* **Task brief**
Would you please restate the data exactly as it stands, apart from the pictures?

* **The data**
- - -
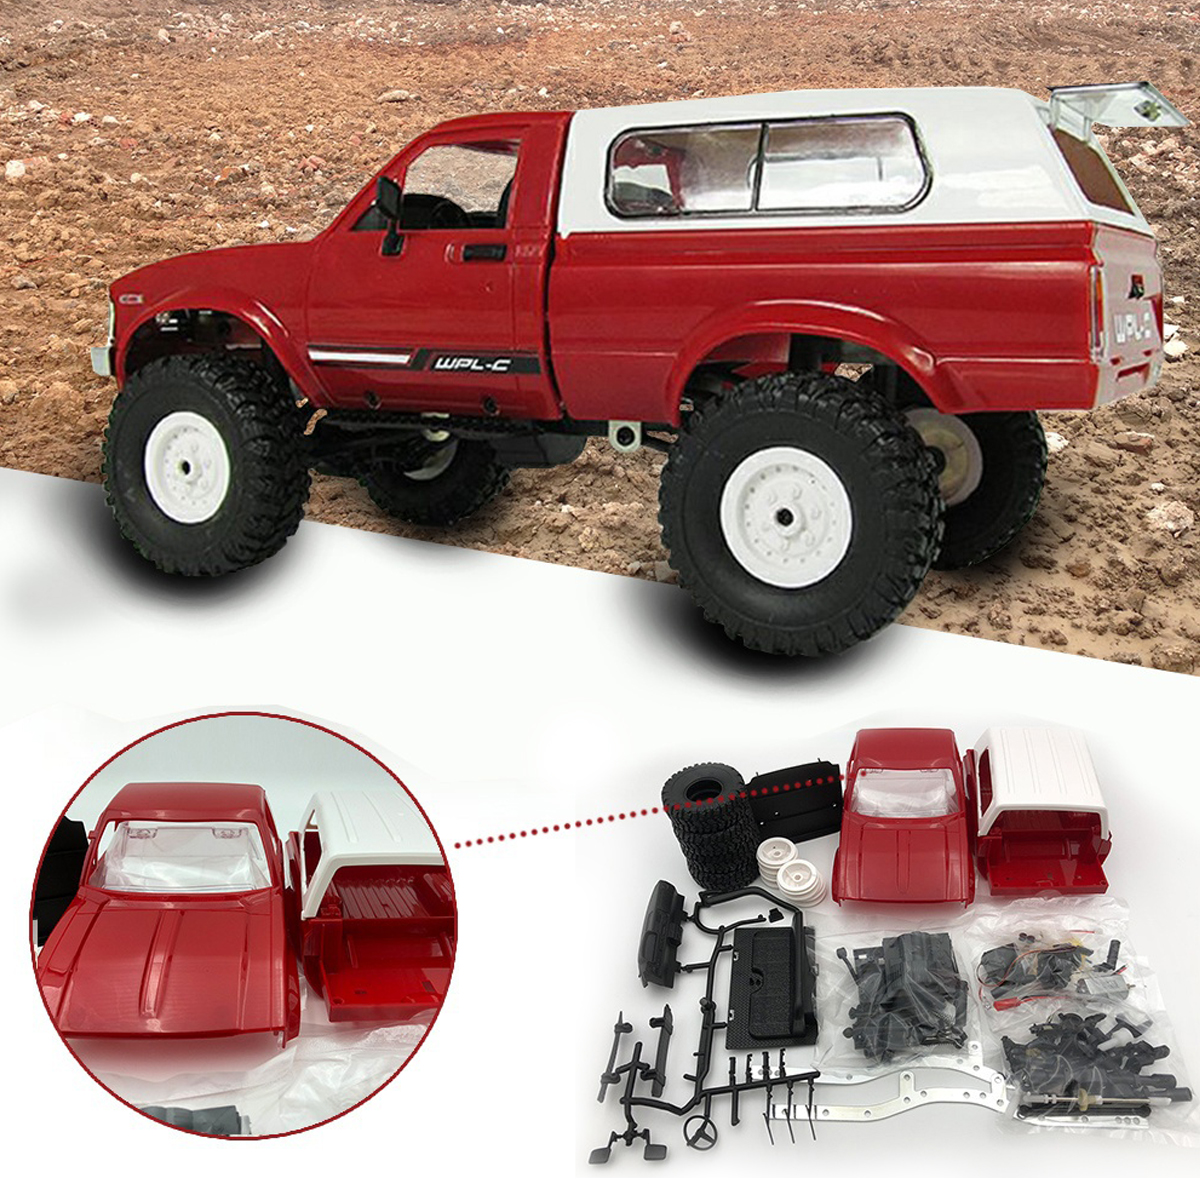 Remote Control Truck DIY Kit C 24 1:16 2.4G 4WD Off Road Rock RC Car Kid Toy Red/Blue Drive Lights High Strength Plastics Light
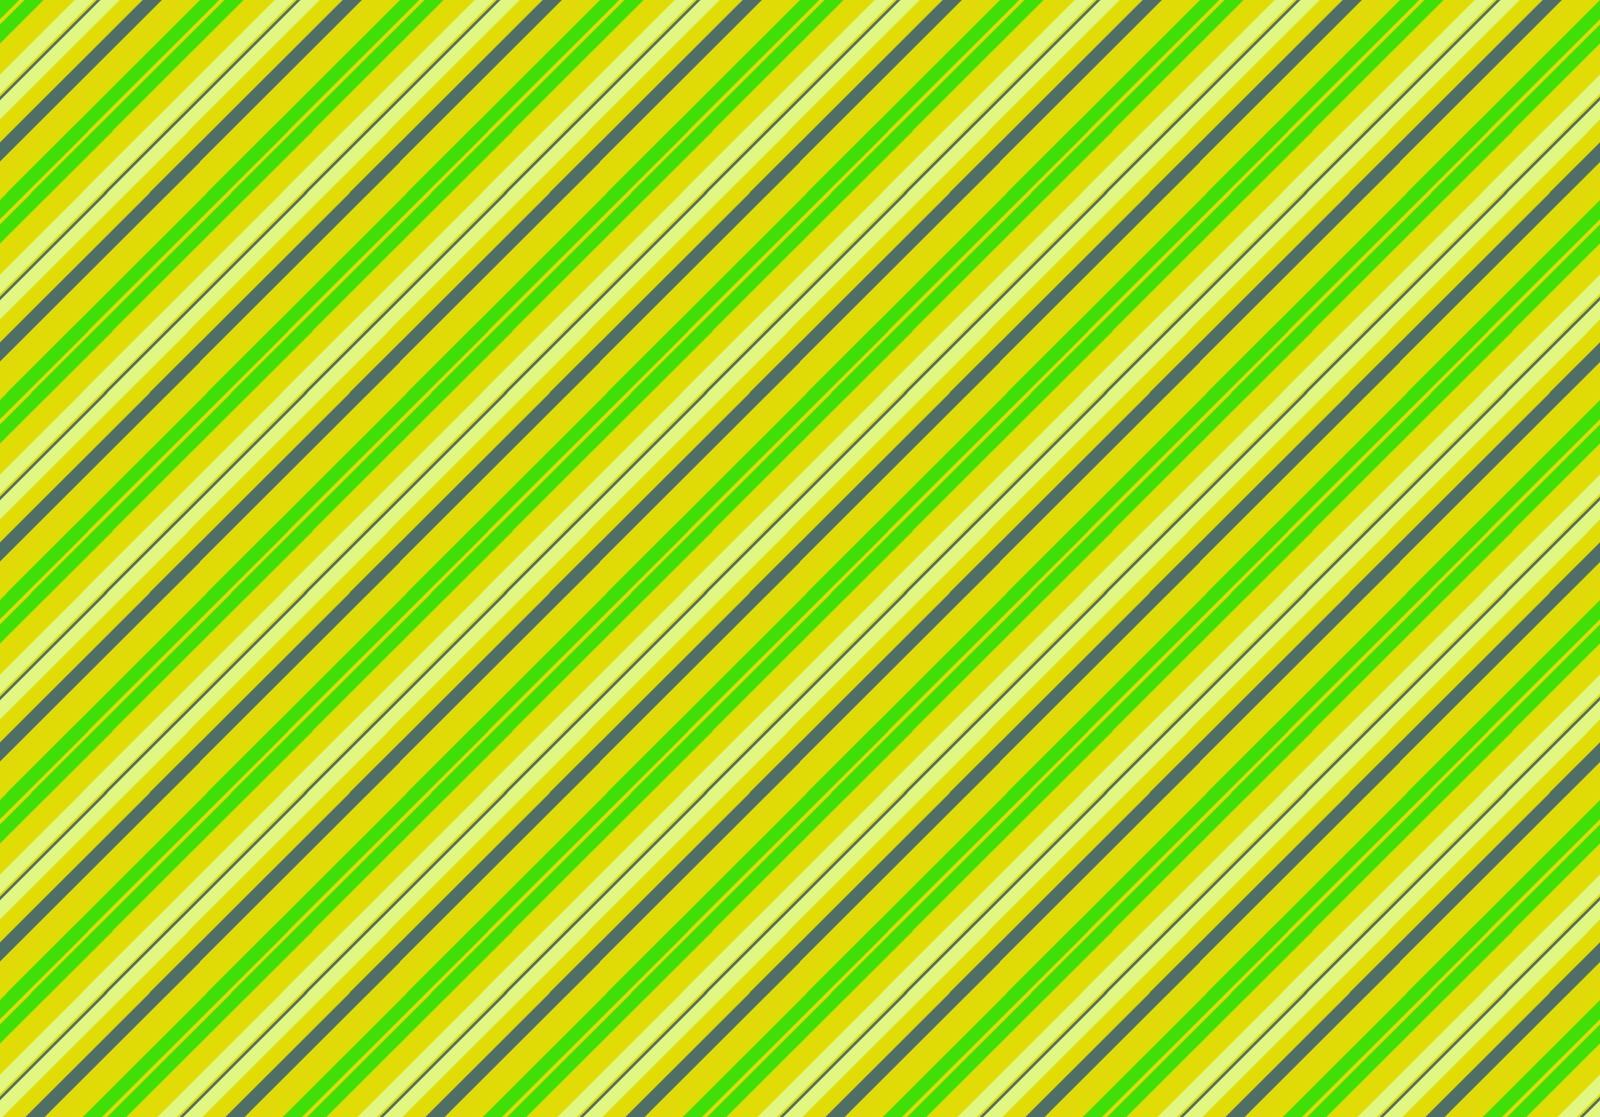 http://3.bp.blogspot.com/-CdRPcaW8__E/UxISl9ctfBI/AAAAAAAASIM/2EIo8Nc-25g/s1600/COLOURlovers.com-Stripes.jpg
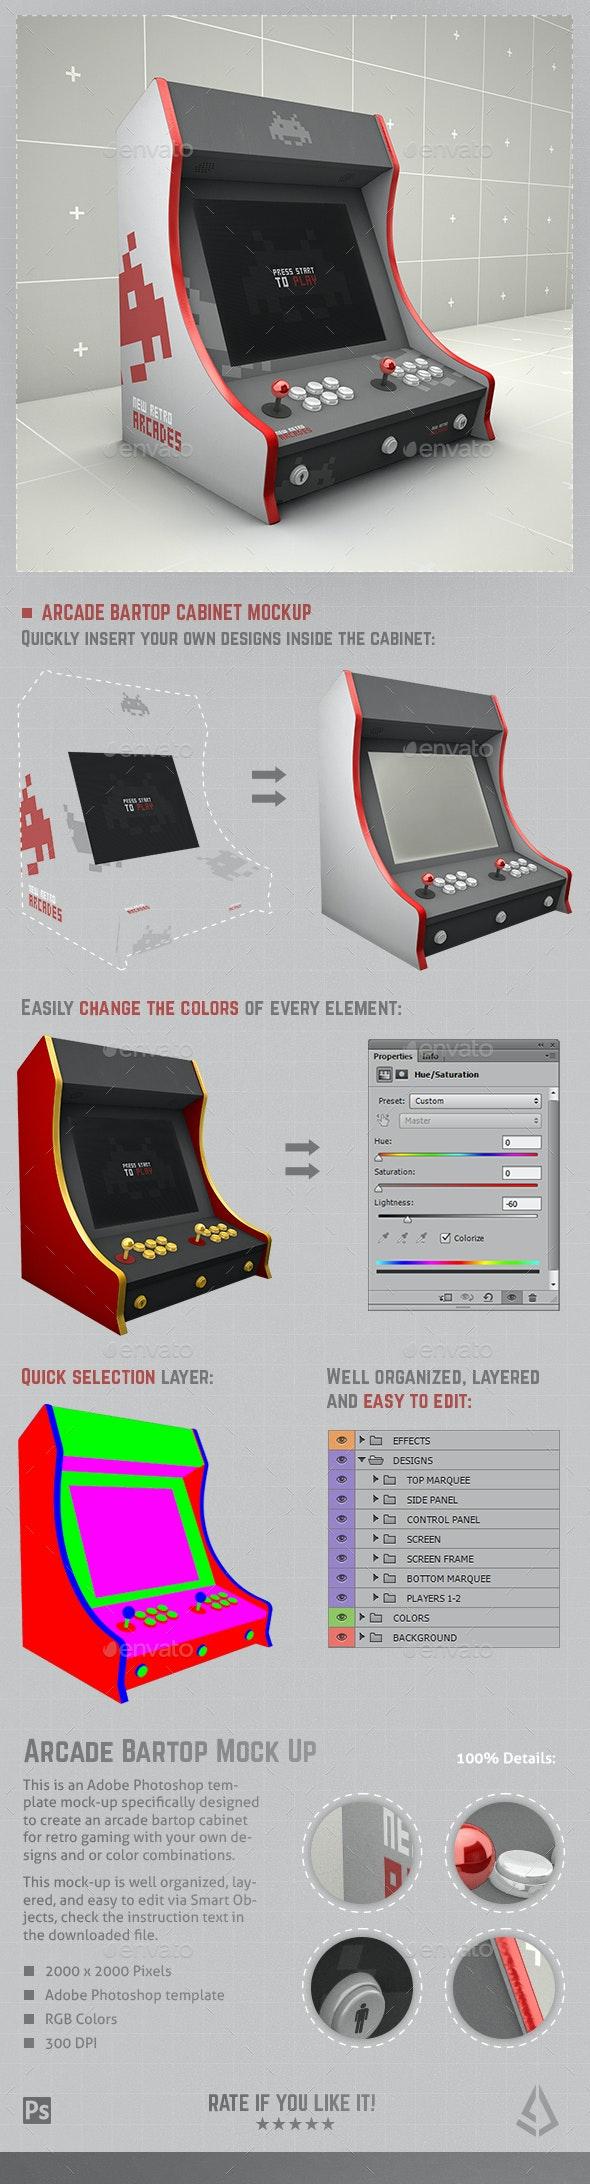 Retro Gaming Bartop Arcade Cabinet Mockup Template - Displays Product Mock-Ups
- - -
* **Answer to this exercise**
 Remote Control Truck DIY Kit C 24 1:16 2.4G 4WD Off Road Rock RC Car Kid Toy Red/Blue Drive Lights High Strength Plastics Light
 http://3.bp.blogspot.com/-CdRPcaW8__E/UxISl9ctfBI/AAAAAAAASIM/2EIo8Nc-25g/s1600/COLOURlovers.com-Stripes.jpg
 Retro Gaming Bartop Arcade Cabinet Mockup Template - Displays Product Mock-Ups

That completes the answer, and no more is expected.